My sister’s feedback: “I LOVED the last line. Loved, loved.” I almost cried when I read that because I had no idea how to end the story. I’d written that last line on a whim. But after her enthusiasm for it, I knew I’d keep it and use it as my guide while trudging through the end’s fuzzy murk. Yippee for clarity!
And then I read my Mom’s feedback: “It doesn’t feel urgent enough. And I think you should change this and this and this…” I did cry then…Okay, not really. But her critique pushed me to the brink of an epic meltdown.
But, once again, I gave myself a mental slap and went back to work. And by Friday morning I felt confident enough to send my story to three more beta readers (all writing pals this time). Each one gave me incredible feedback and helped me chop down my 2,700 worded story to the word count limit of 2,500.
I’ll admit, a couple of my betas made some suggestions that would’ve required rewriting large portions of the story, and I ignored them. Because I just didn’t care.
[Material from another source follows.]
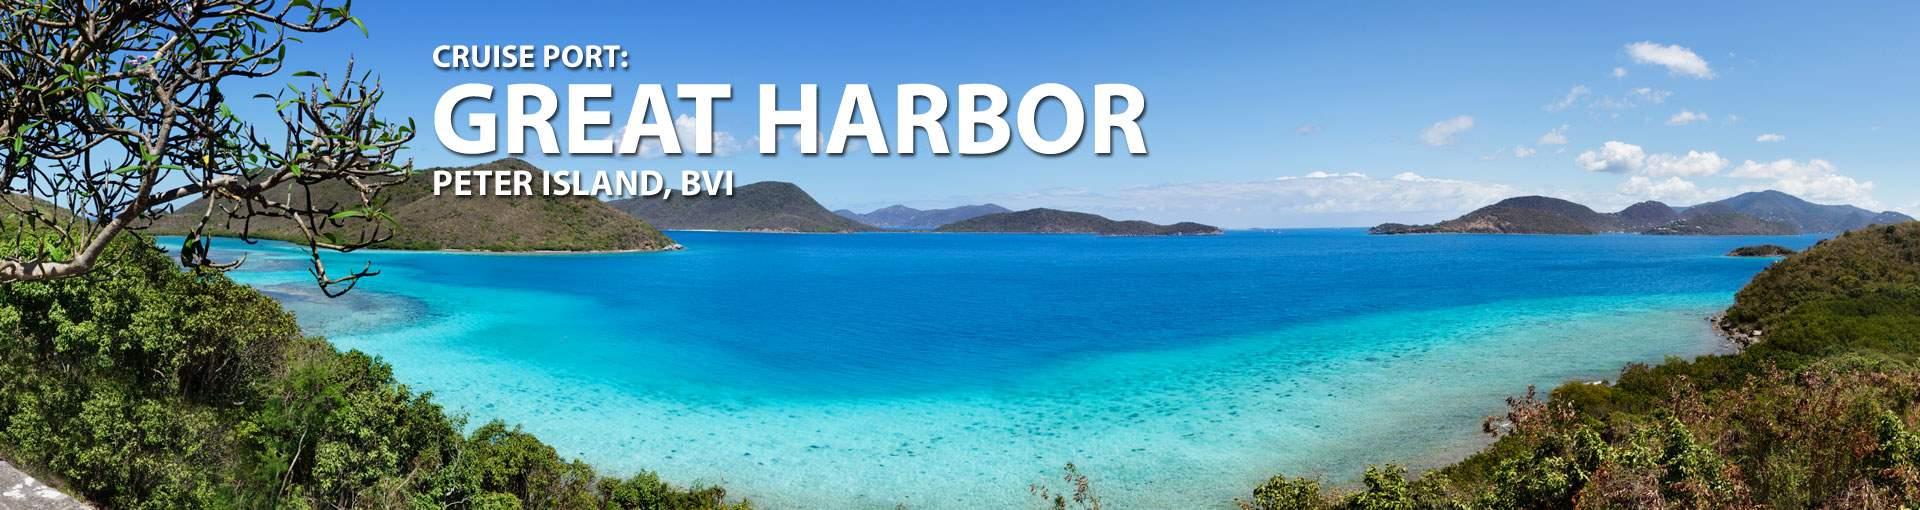 Cruises to Great Harbor, Peter Island, Bvi

Yep! Talk about a horrible attitude. And I’ll likely pay for it when I start getting my feedback from other readers. Oh well. I just didn’t have any fuel left in the tank to deal with those big changes.
On Saturday, I edited my story once more and then submitted it.
I spent the rest of the weekend napping on the couch and watching episodes of “The Good Wife”. It was pure bliss.
Now, as you might imagine, I’m not all that confident with my story and I don’t know if it’ll be good enough to advance me to the second round in March. But, whatever! I’m just proud of myself for not giving up, fighting through my exhaustion, and submitting something.
As usual, I’ll be posting my story here once we get the thumbs up from NYC Midnight (which should be today or tomorrow). For now, here is my title and synopsis!
Brief Synopsis: When Becca picks her mom up at JFK Airport, she discovers she was diagnosed and treated for cancer while overseas. Their train ride home is fraught with bickering, accusations, and death.
Dun, dun, dun…
Yeah, okay. I know my synopsis is vague. But I’m stickler for spoilers and I didn’t want to spoil anything with this one 🙂
Did you participate in the Short Story Challenge 2015? If so, how’d you do?